Directions for this task: Exactly the lines from the one containing "Gunshot Detection Technology" through the end of the data, and nothing more, should be retyped; pictures stay out.

Data:
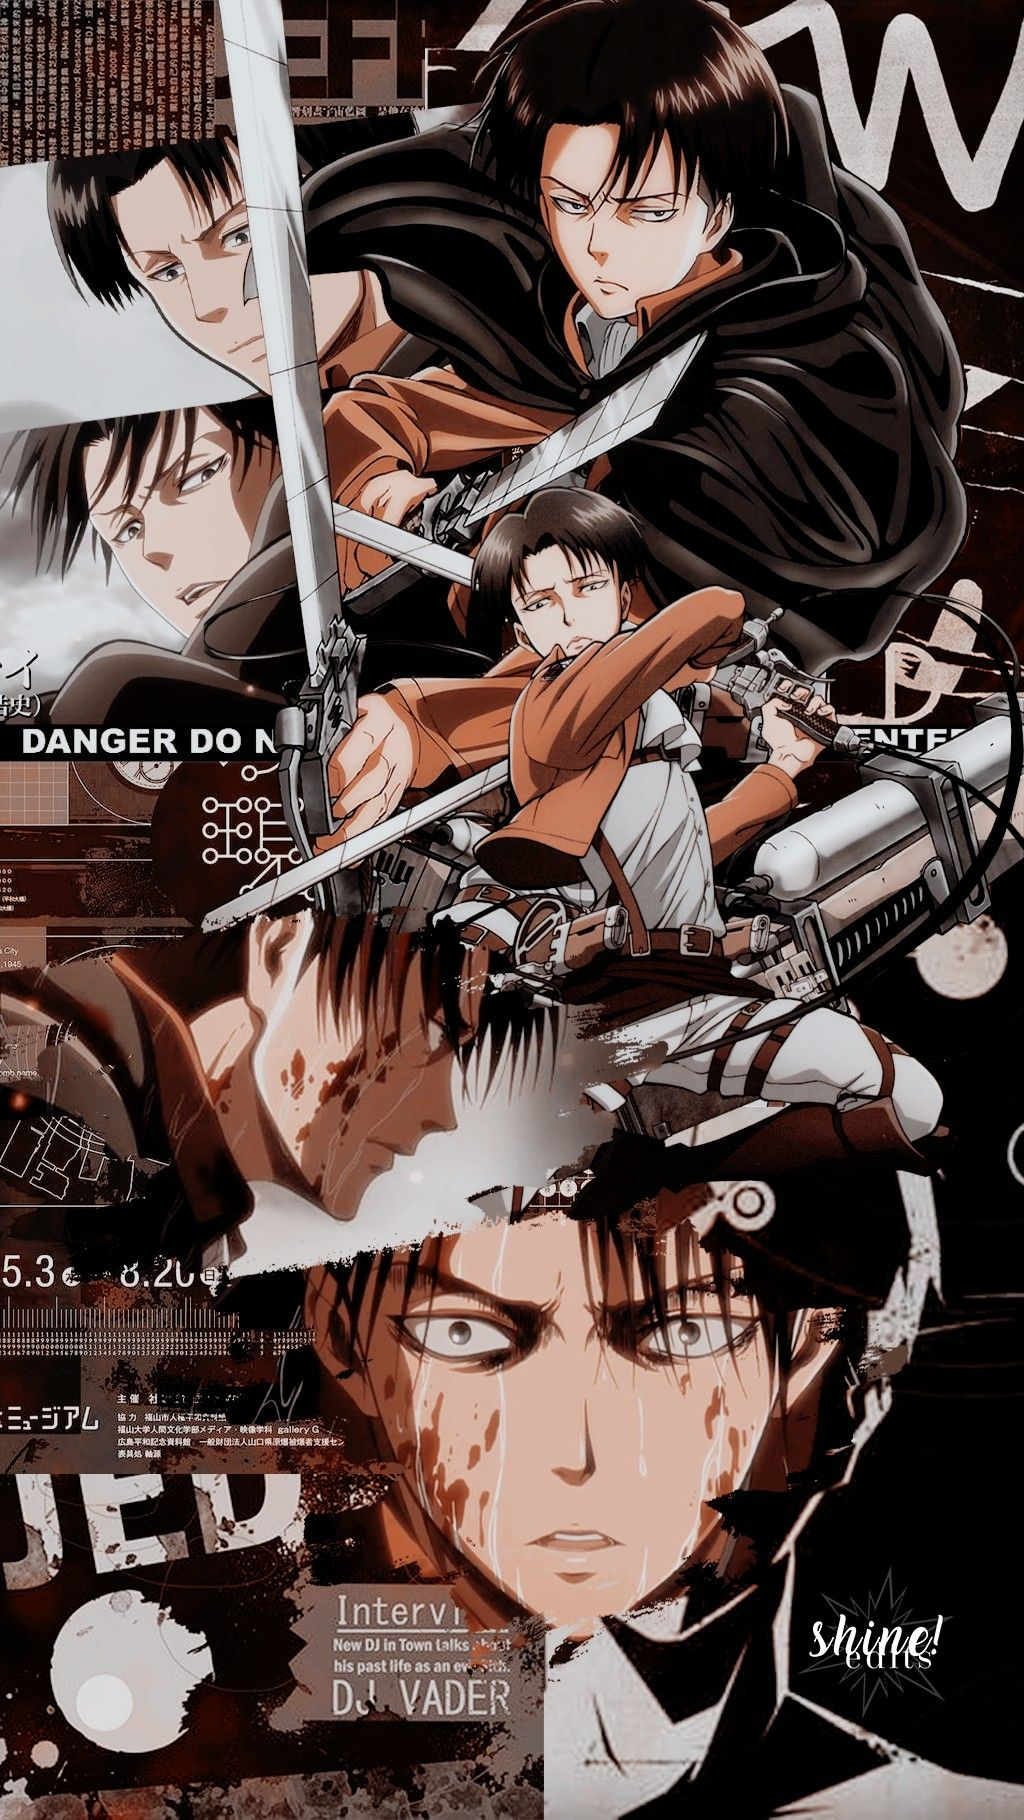 Levi Ackerman Lockscreen Shingeki No Kyojin Shinedlts On Twitter Anime Wallpaper Phone Cool Anime Wallpapers Cute Anime Wallpaper
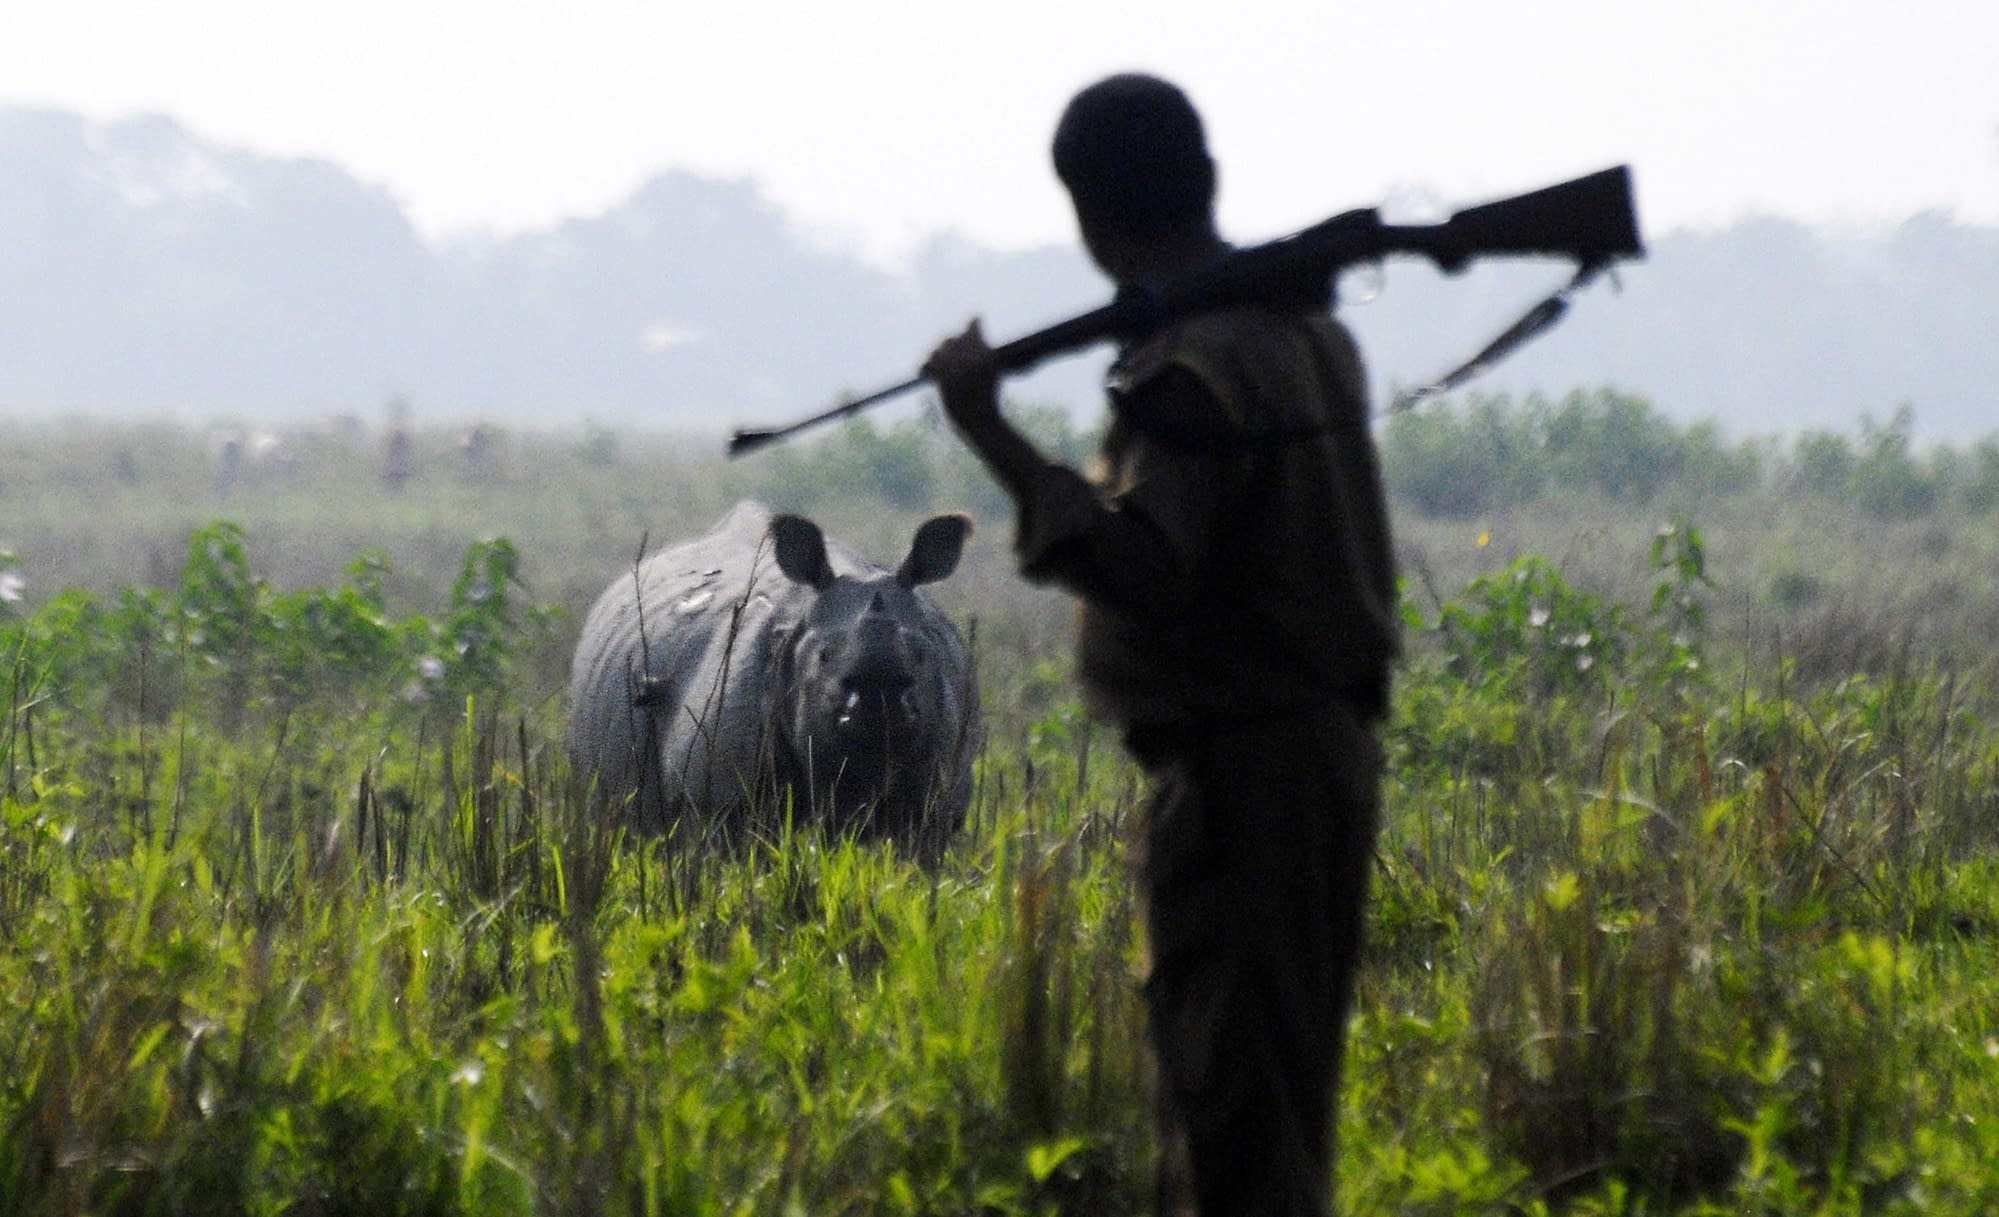 Gunshot Detection Technology has Deployed to Save Endangered Species
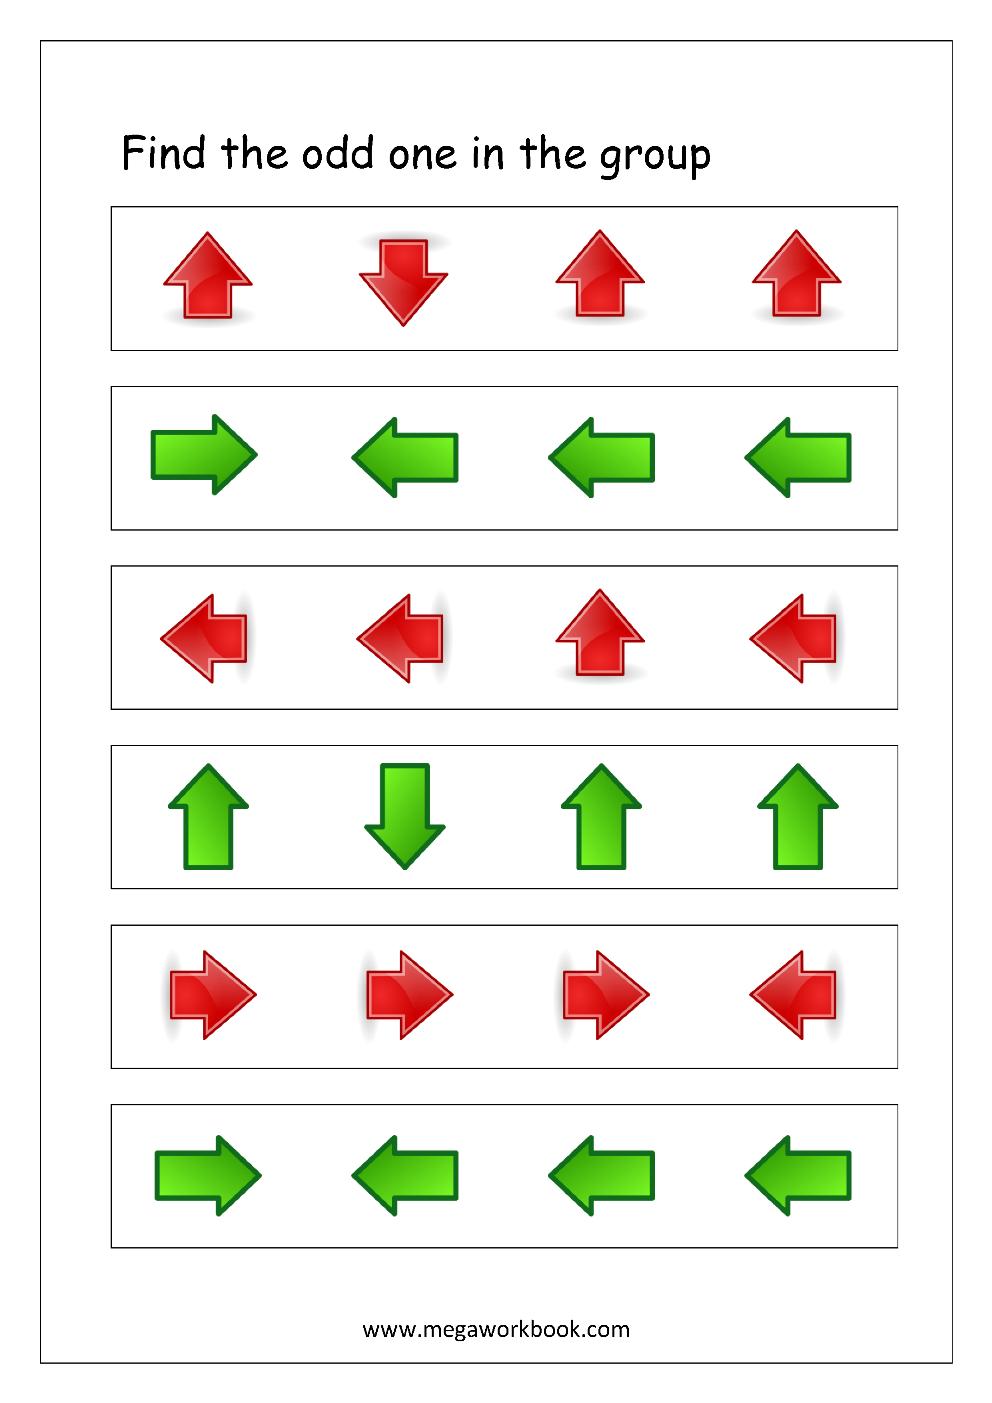 Odd And Even Numbers further Original besides Number Coloring Worksheets For Preschool Children additionally Coloring Sheet Notebook Eraser Sharpener Pencil furthermore Original. on number identification worksheets

Reply to the task:
 Gunshot Detection Technology has Deployed to Save Endangered Species
 Odd And Even Numbers further Original besides Number Coloring Worksheets For Preschool Children additionally Coloring Sheet Notebook Eraser Sharpener Pencil furthermore Original. on number identification worksheets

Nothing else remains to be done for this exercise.